USB-Driver I used (but there's WdfCoInstaller.dll missing, which I already had on my PC):
http://dlcdnet.asus.com/pub/ASUS/EeePAD/ME172V/ASUS_Android_USB_drivers_for_Windows_20130415.zip

Maybe this more complete package would work, too (I didn't try that):
http://dlcdnet.asus.com/pub/ASUS/EeePAD/TF101/ASUS_Android_USB_drivers_for_Windows.zip

Method to root is by using motochopper.

You can follow the next steps in general as described in
http://forum.xda-developers.com/showpost.php?p=40129120&postcount=1

One important thing:
motochopper didn't recognize my HD7 at once, so I did the following
(while being connected with PC via USB and motochopper waiting for device):
While USB debugging activated, go to USB settings an connect it as
integrated CD drive. motochopper will automatically recognize it
and continue with rooting process.

And last but not least:
As always, all you do is your own risk and I'm not responsible for any damage.

Good luck

-----------------------------

EDIT 2013-07-06:

Above procedure for rooting works with the new HD7 update, too (but you have to re-root after the update).
Build version after the update: ME173X_WW_user_4.2.2.51129_20130619 release-keys

-----------------------------

Description for Linux users:

- use motochopper package from link above

- login as root

- extract package
- open console and change to directory where you extracted the package
- chmod +x adb.linux
- chmod +x run.sh

- Check your HD7 will be recognized:
    -> ./adb.linux status-window 
    -> shows "State: unknown"

    -> connect HD7 (with usb debugging enabled, connecting as MTP device)
    -> above started adb command should show now "State: device"
        -> HD7 recognized - greatful, you're ready 

    -> press Strg-C to abort

- (optional) for more information about your HD7 you can enter: ./adb.linux devices -l
    -> this should show something like: D6OKCXXXXXXX    device usb:1-3 product:WW_memo model:ME173X device:ME173X

- ./run.sh
    -> follow instructions on screen

- you're done 

-----------------------------

EDIT 2013-07-16:

Above procedure for rooting works with new HD7 update (but you have to re-root after the update).
Build version after the update: ME173X_WW_user_4.2.2.91525_20130711 release-keys


----------



## meatsemmud (Aug 8, 2013)

http://forum.xda-developers.com/showthread.php?t=2130276
I used framaroot Form this thread and install supersu 
Works fine for me 

Sent from my ME173X


----------



## biceman (Aug 8, 2013)

Framaroot 1.6.0 with SuperSU = working


----------



## biceman (Aug 8, 2013)

Pedros97 said:


> For me update fail,im unfortunate disinstall system apk zinioreader.apk from titanium backup and update crash.
> Please send me original asus me 173x ZinioReader.apk.
> Thanks Sorry for bad english.
> P.S it is possible restore full original rom?How it's made?

Click to collapse



ZinioReader.apk from my rooted device...


----------



## Hikari no Tenshi (Aug 8, 2013)

Hi.
Is some one can provide me an dump of system (system.img)?

I have soft bricked my device with modified system file.


----------



## egyulev (Aug 8, 2013)

Hi, about the OTG again.
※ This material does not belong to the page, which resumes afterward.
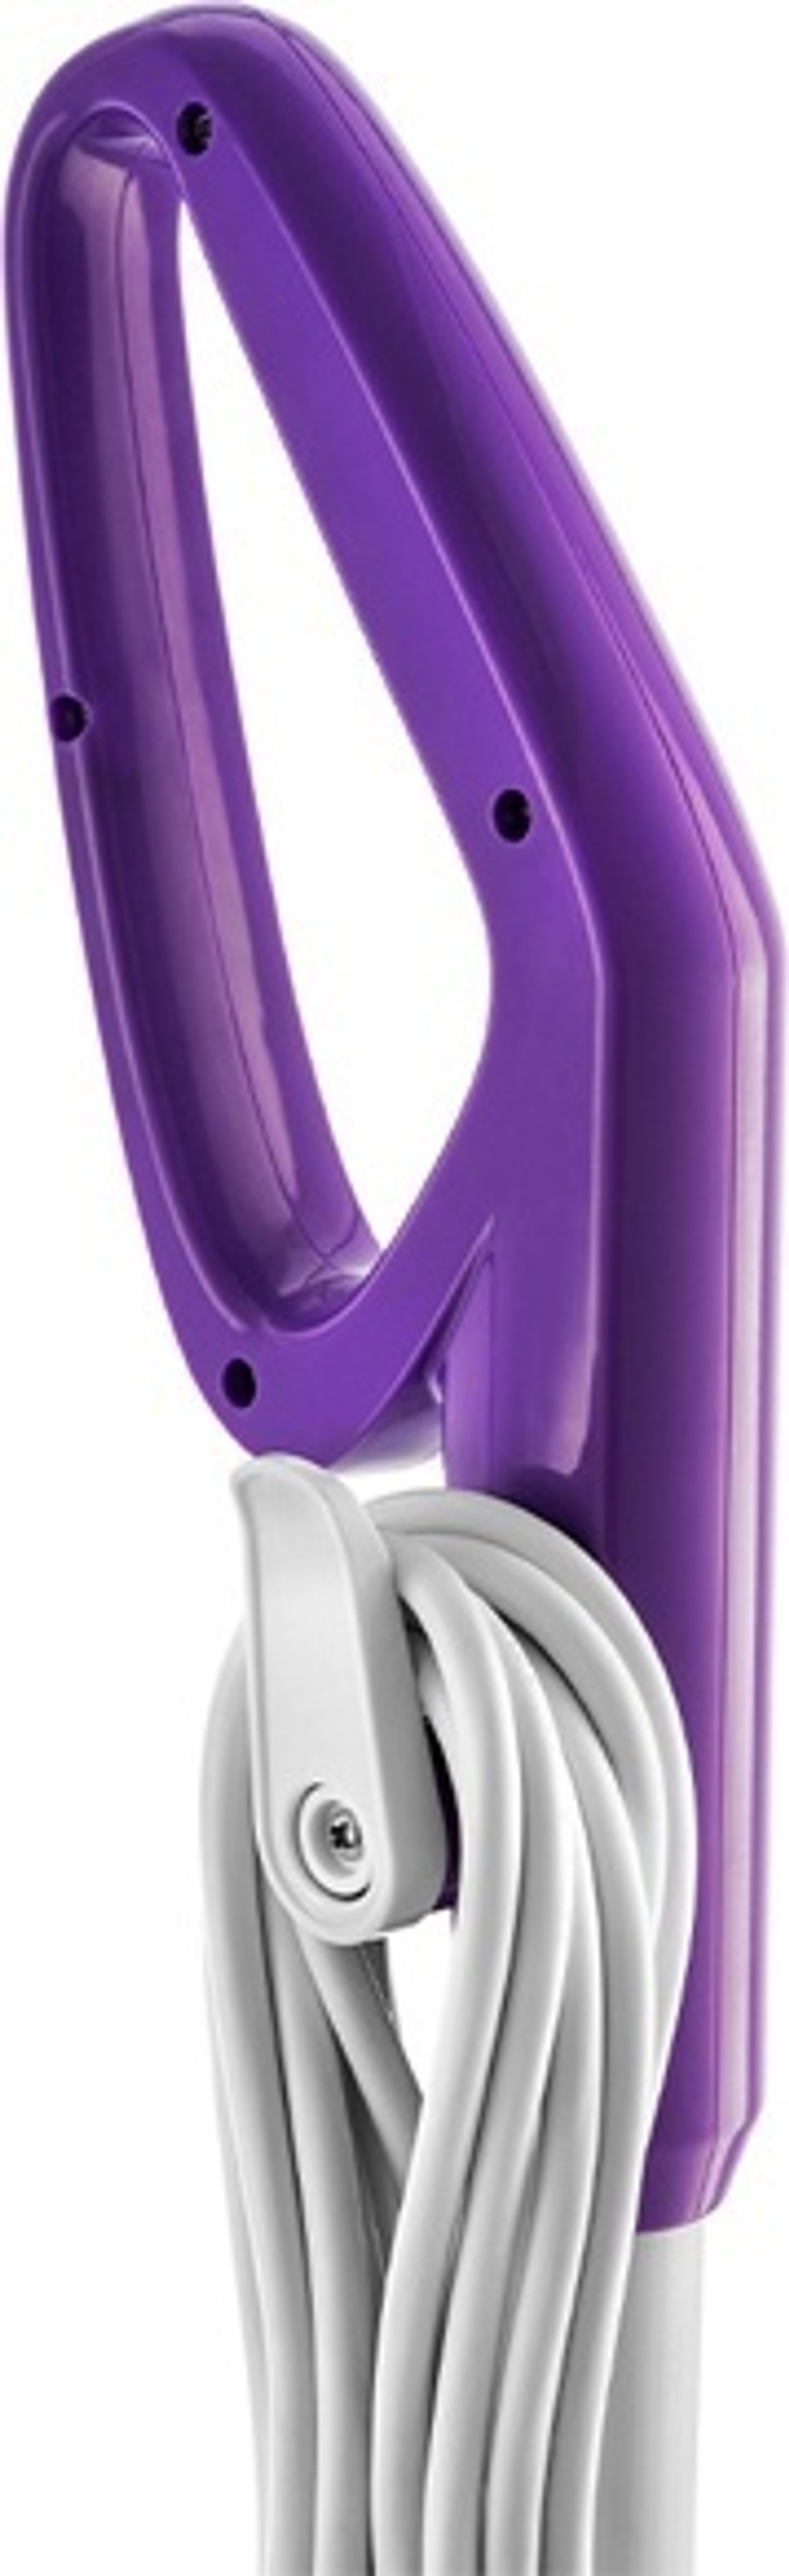 Kitfort швабра КТ-1004-4, фиолетовый

Today I made a test with POWERED USB hub and I successfully connected a mouse and a keyboard, and they worked! I tried also with USB stick and a USB sound card, but with no luck, the were not recognized. So even now with the 4.2.1 there is some kind of otg functionality, but may be with the upgrade to 4.2.2 it will fully work.

Sent from my ME173X using xda app-developers app


----------



## oldoffingone (Aug 8, 2013)

et1ssgmiller said:


> I have mine ordered through Amazon, they gave me an August 11 ship date.  I currently have a Viewsonic gTablet running Android 4.2.2 ( Team DRH/Cyanogenmod 10.1 ) and I've been using a bluetooth keyboard with that, with some luck.  Getting the device to connect is sometimes buggy but once they connect it works okay.

Click to collapse



I can't speak for other US retailers, but I pre-ordered one from GameStop for an August 9th pick-up.  Hope it's there tomorrow.

:fingers-crossed:

*Update*:  Informed today 8.9 that arrival at GameStop has slipped to *8.16*...


----------



## lennartg (Aug 8, 2013)

*Any idea when roms will be developed?*

Does anyone know if there are any roms developed for the Asus MeMo Pad HD 7?

In the Netherlands the device is out since a few weeks an I have bought one. I have been looking for some roms ever since, but I was not able to find any. I think it's becouse it just got released in the US? Think the ball will start to roll when it's 100% released...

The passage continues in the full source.